Previous studies have shown pretreatment neutrophil, lymphocyte, monocyte counts, NLR and MLR were associated with prognosis in HCC patients.18,36,43 Zhu et al reported that MLR could predict sorafenib response, and a higher MLR was correlated with a worse prognosis in advanced HCC patients.43 Hong et al showed that pretreatment peripheral neutrophil, lymphocyte and monocyte counts were independently associated with HCC patients’ outcomes.18 Schobert et al demonstrated that high baseline NLR was predictor of poorer tumor response and shorter PFS in HCC patients undergoing DEB-TACE.36 However, all the variables above contain only one or two cell types and SIRI, which is composed of three types of cells including monocytes, neutrophils and lymphocytes, may display a better predictive ability in HCC patients. To date, SIRI has already shown its predictive value in several cancers.

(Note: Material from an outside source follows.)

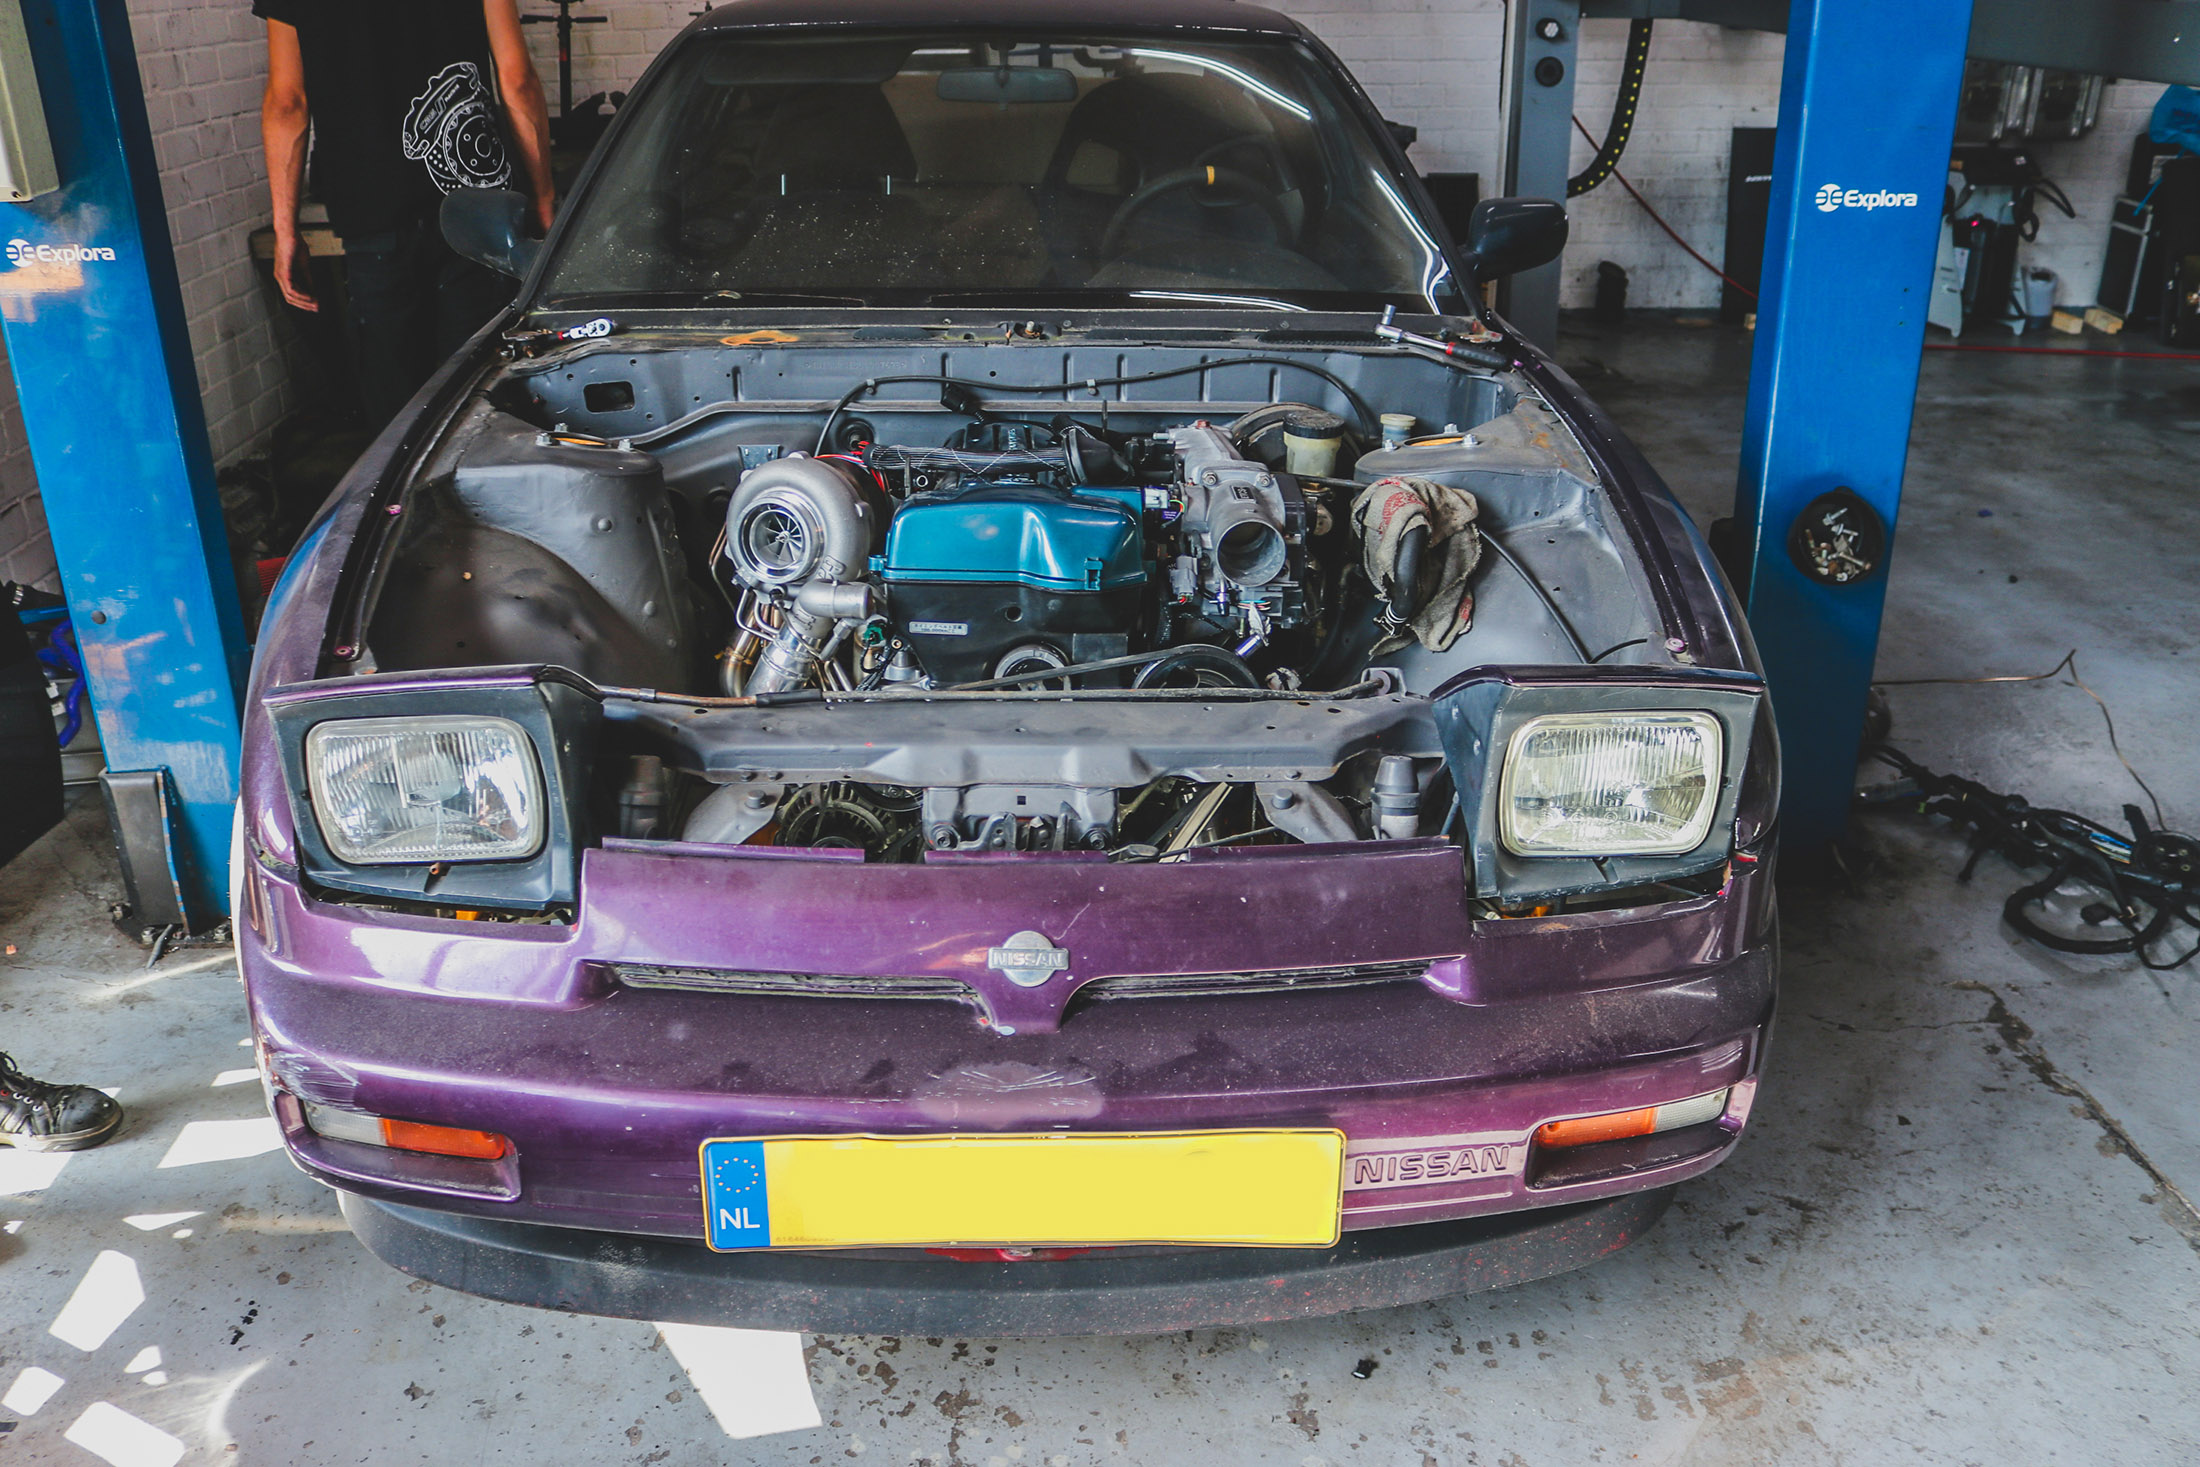 Super Golf with a Twin-Turbo V6 – Engine Swap Depot

Qi et al reported that SIRI can be used to predict the prognosis of patients with pancreatic adenocarcinomas who receive chemotherapy and patients with SIRI ≥1.8 had a shorter time to disease progression and OS.16 Feng et al showed that SIRI was an independent predictor of PFS and OS in locally advanced nasopharyngeal carcinoma patients, and patients with SIRI ≥0.86 had a worse prognosis.21 These findings were consistent with our results and we found that HCC patients undergoing TACE with SIRI >0.88 had a lower objective response rate and a worse prognosis. The clinical significance of our study is that it provides a relatively convenient and noninvasive biomarker for predicting objective response rate and long-term survival of HCC patients treated by TACE. Furthermore, SIRI can be used in combination with other clinical predictors to improve the predictive efficiency.

However, the present study has some inherent limitations. First, our sample size was relatively small and thus may be subject to selection and statistical bias. Second, inflammatory biomarkers NLR, PLR, MLR and SIRI could be influenced by various factors, such as acute infection, which may have biased the results. Third, SIRI was only calculated before TACE in our study. However, the dynamic change of SIRI between pre- and post-TACE may provide more information about the host’s inflammatory and immune response status. Therefore, further studies should be conducted to validate this hypothesis.

Conclusion

In conclusion, the present study demonstrates that high pretreatment SIRI level is an independent risk factor for lower tumor response rate and worse prognosis in HCC patients undergoing TACE. This biomarker or the combination of this biomarker with other clinical predictors can easily be implemented in clinical practice and may provide a novel paradigm for personalized application of TACE therapy.

Data Sharing Statement

The datasets used and analyzed during the present study are available from the corresponding author (Jun-Xiang Li) on reasonable request.

Funding

There is no funding to report.

Disclosure

The authors report no conflicts of interest in this work.